Acquisition management is a well-established activity within government, with a set of management responsibilities that are perceived to be broader in scope than procurement.Sherman, 20. This is because it traditionally has focused on large-scale purchases of major defense systems, usually under the direction of a project or program manager. Acquisition follows an integrated systems approach with applicable technical and management disciplines collaborating to achieve the goals of the acquisition. This integrated team often includes members from logistics, production, quality assurance, finance, contract management, and the appropriate technical disciplines.Sherman, 21.

An acquisition of a product or service often consists of multiple procurements. The term procurement, when applied to the government environment, includes all stages of the process of acquiring property or services, beginning with the determination of a need for the property or service and ending with contract completion and closeout. In the private sector it is comparable to materials management, which is a concept that integrates the flow and control of materials and services, beginning with identifying the need and ending after delivery to the ultimate user.Sherman, 14. “Both [acquisition and materials management] are interface functions that interact with both supplier’s and customer’s organizations as well as with internal functions and activities.”Sherman, 8.

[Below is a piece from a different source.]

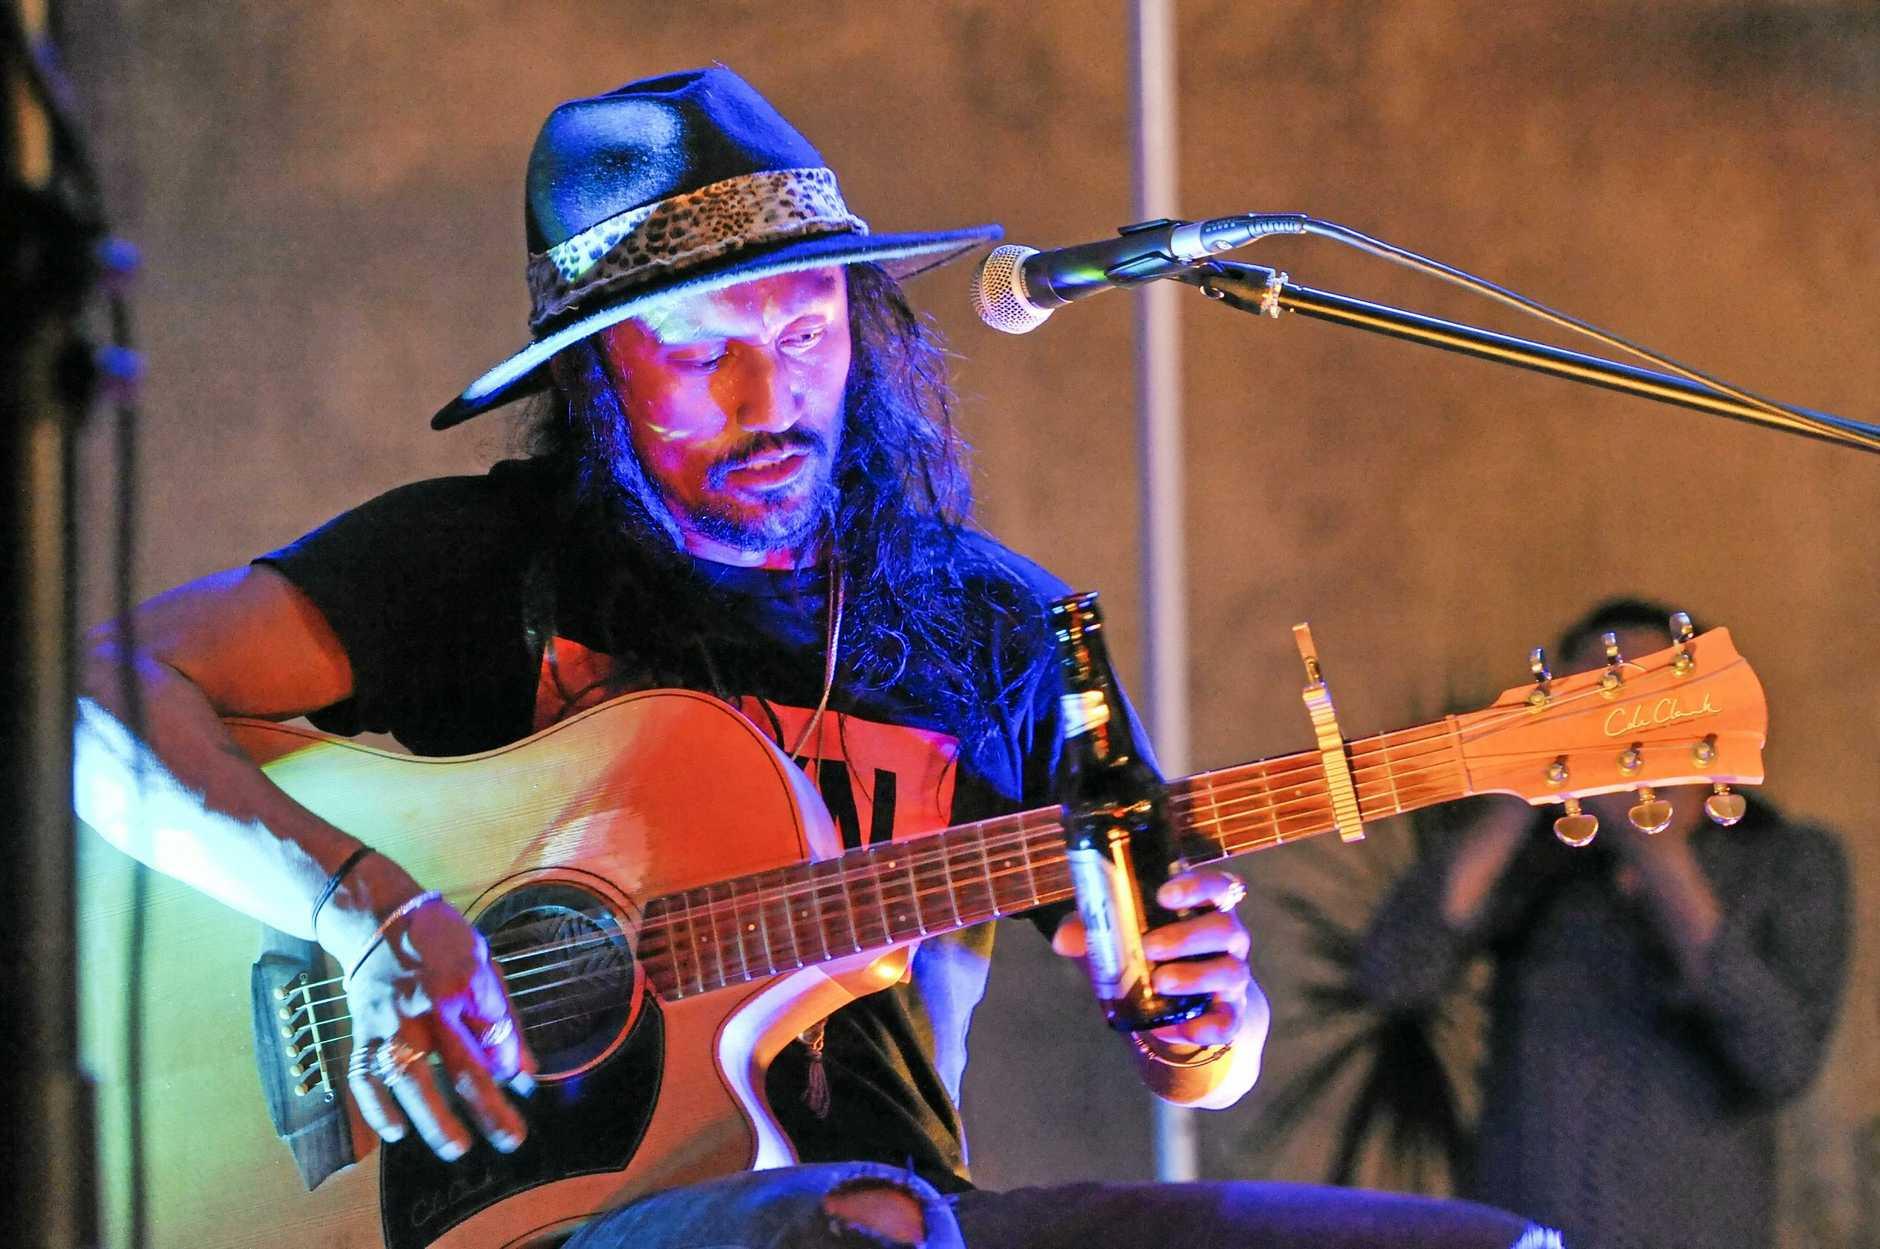 Jackson Dunn at Crow Street Food & Music Fest, on Saturday 24 February.

In the federal government, Congress is the source of funds and thereby exercises the ultimate control over government procurement. The executive branch and its associated agencies have been given the authority to regulate the acquisition system. Over the past 200 years, both Congress and the executive branch have relied on legislation to fulfill their constitutional responsibilities to protect the public interest and ensure fairness through common treatment. As Figure 1-2 (Most Significant Procurement Legislation, 1795–1994) illustrates, there has been a noticeable increase in the amount of legislation regulating procurement since the end of World War II.

Over the past few years writing directives to solve the issues has not been left solely to Congress. Agencies within the executive branch have issued supplements to regulations and have developed unique rules and practices in the acquisition process. The DoD FAR supplements are a prime example. The practice has been that whenever there is a snafu, the bureaucracy has responded by revising or writing a regulation to ensure that the problem doesn’t recur. The result was a maze of intertwined legal and accounting rules.Sourwine, Darrel. 1992. Contracting—Law+Accounting. Contract Management (May): 10.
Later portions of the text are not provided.